Henry Fielding: The History of Tom Jones, a foundling

1. Chapter i. A crust for the critics.

A crust for the critics.

In our last initial chapter we may be supposed to have treated that formidable set of men who are called critics with more freedom than becomes us; since they exact, and indeed generally receive, great condescension from authors. We shall in this, therefore, give the reasons of our conduct to this august body; and here we shall, perhaps, place them in a light in which they have not hitherto been seen.

This word critic is of Greek derivation, and signifies judgment. Hence I presume some persons who have not understood the original, and have seen the English translation of the primitive, have concluded that it meant judgment in the legal sense, in which it is frequently used as equivalent to condemnation.

I am the rather inclined to be of that opinion, as the greatest number of critics hath of late years been found amongst the lawyers. Many of these gentlemen, from despair, perhaps, of ever rising to the bench in Westminster-hall, have placed themselves on the benches at the playhouse, where they have exerted their judicial capacity, and have given judgment, i.e., condemned without mercy.

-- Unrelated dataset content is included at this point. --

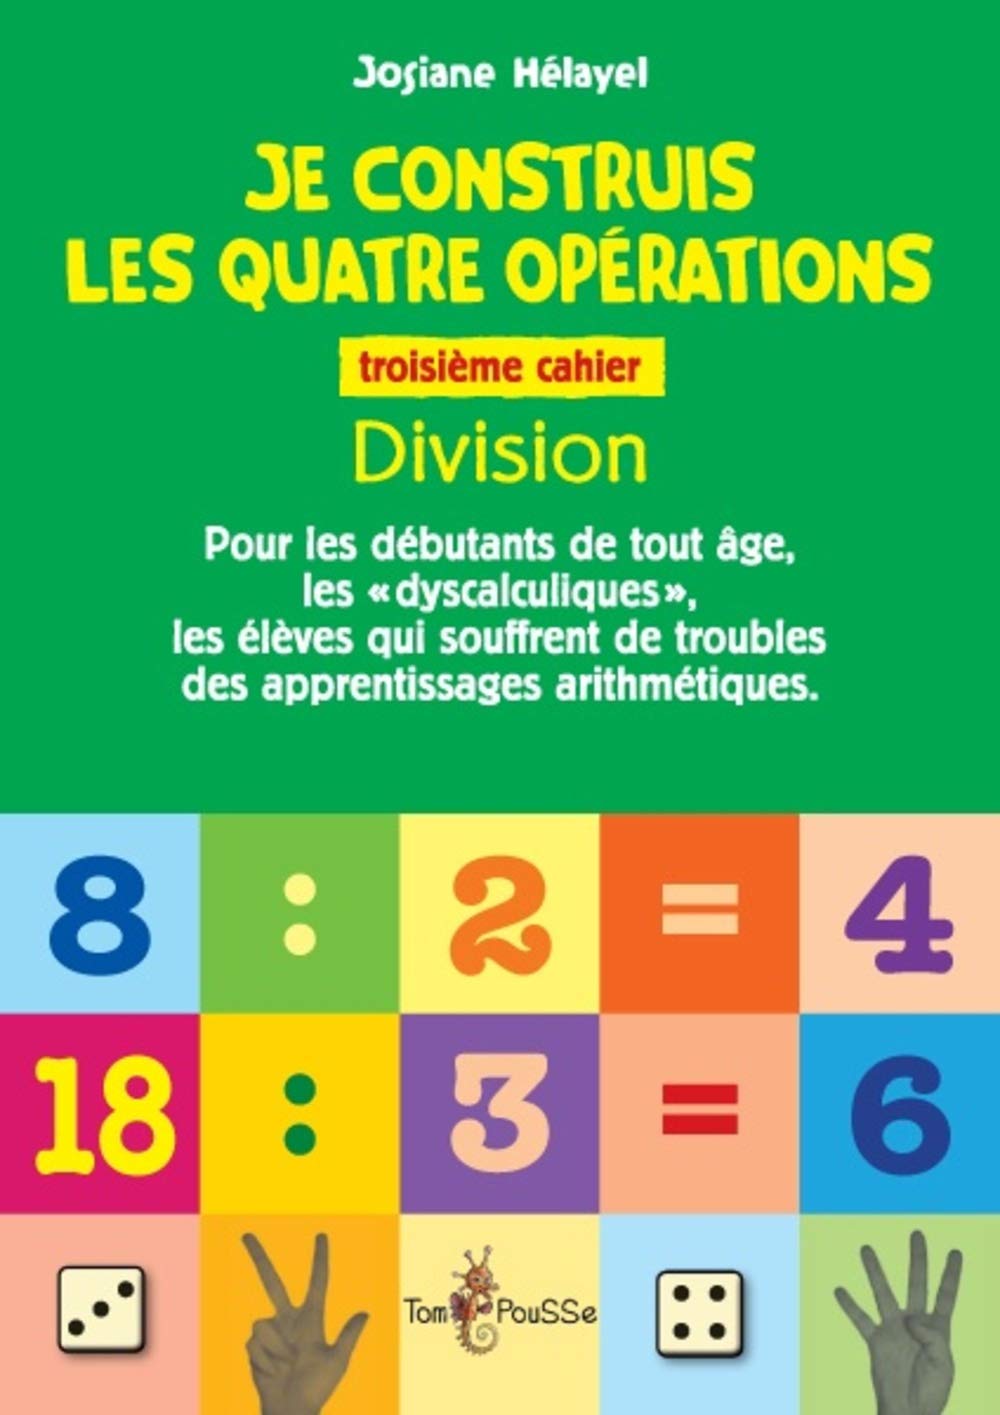 cahier faire divisions

The gentlemen would, perhaps, be well enough pleased, if we were to leave them thus compared to one of the most important and honourable offices in the commonwealth, and, if we intended to apply to their favour, we would do so; but, as we design to deal very sincerely and plainly too with them, we must remind them of another officer of justice of a much lower rank; to whom, as they not only pronounce, but execute, their own judgment, they bear likewise some remote resemblance.

But in reality there is another light, in which these modern critics may, with great justice and propriety, be seen; and this is that of a common slanderer. If a person who prys into the characters of others, with no other design but to discover their faults, and to publish them to the world, deserves the title of a slanderer of the reputations of men, why should not a critic, who reads with the same malevolent view, be as properly stiled the slanderer of the reputation of books?